Personal information
- Full name: Anthony Louis Mandrea
- Date of birth: 25 December 1996 (age 29)
- Place of birth: Grasse, France
- Height: 1.86 m (6 ft 1 in)
- Position: Goalkeeper

Team information
- Current team: Caen
- Number: 1

Youth career
- 2002–2009: U.S. Pegomas
- 2009–2013: Nice

Senior career*
- Years: Team / Apps / (Gls)
- 2013–2016: Nice II / 11 / (0)
- 2013–2016: Nice / 1 / (0)
- 2016–2020: Angers II / 59 / (0)
- 2016–2022: Angers / 10 / (0)
- 2020–2021: → Cholet (loan) / 32 / (0)
- 2022–: Caen / 123 / (0)

International career^{‡}
- 2013: France U18 / 2 / (0)
- 2022–: Algeria / 22 / (0)

= Anthony Mandrea =

Footballer (born 1996)

Anthony Louis Mandrea (أنتوني لويس ماندريا; born 25 December 1996) is a professional footballer who plays as a goalkeeper for club Caen. Born in France, he represents the Algeria national team.

==Club career==
Mandrea made his Ligue 1 debut for Nice on 3 November 2013 in a 1–2 home defeat against Bordeaux, replacing an injured David Ospina after 51 minutes. At 16 years and 10 months he was, at the time, the youngest goalkeeper to play in Ligue 1. He made no further first team appearances for Nice, and in the summer of 2016 he moved to Angers, where he signed professional terms on a three-year deal in September 2017. His Angers debut came in the Coupe de la Ligue on 12 December 2017 against Metz, in which he kept a clean sheet.
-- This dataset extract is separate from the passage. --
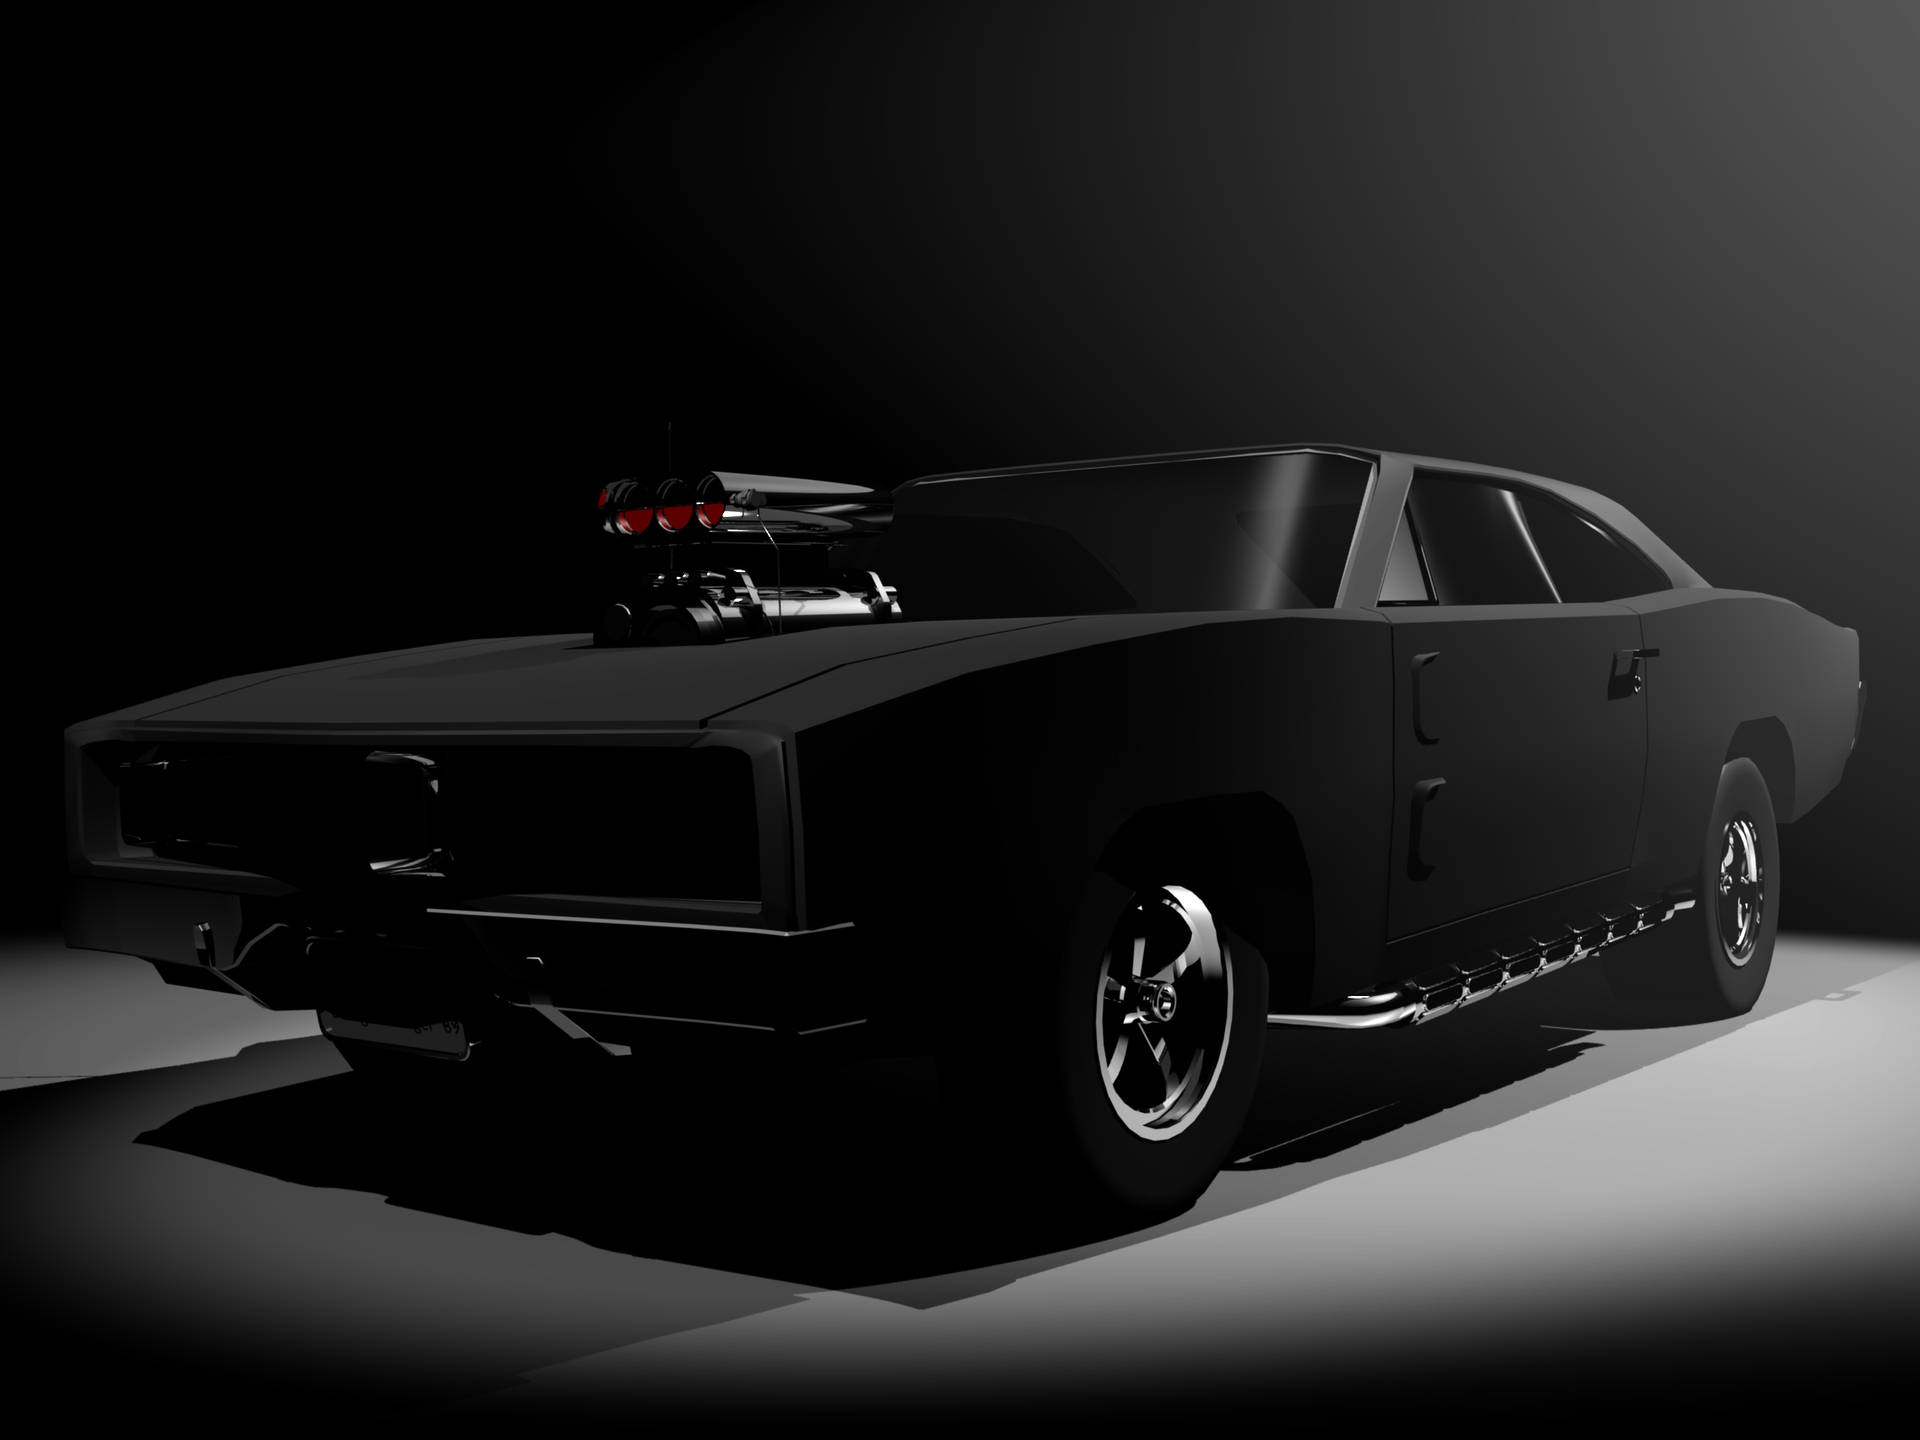 Classic Power - 1969 Dodge Charger Wallpaper

In July 2020, as third-choice goalkeeper for Angers, he was loaned to SO Cholet in the Championnat National in search of playing time. At the end of the season he was named best goalkeeper of the Championnat National season.

On 23 June 2022, Mandrea moved to Caen on a two-year deal. He became first choice goalkeeper at Caen, making 37 Ligue 2 in his debut 2022–23 season.

==Personal life==
Mandrea was born in France to a French father and Algerian mother. He made one appearance for the France U18s at the Tournoi de Limoges in 2013.

He was called up to the senior Algeria national team in May 2022, and made his debut in a 2–1 friendly win over Iran on 12 June 2022.

In December 2023, he was named in Algeria's squad for the 2023 Africa Cup of Nations.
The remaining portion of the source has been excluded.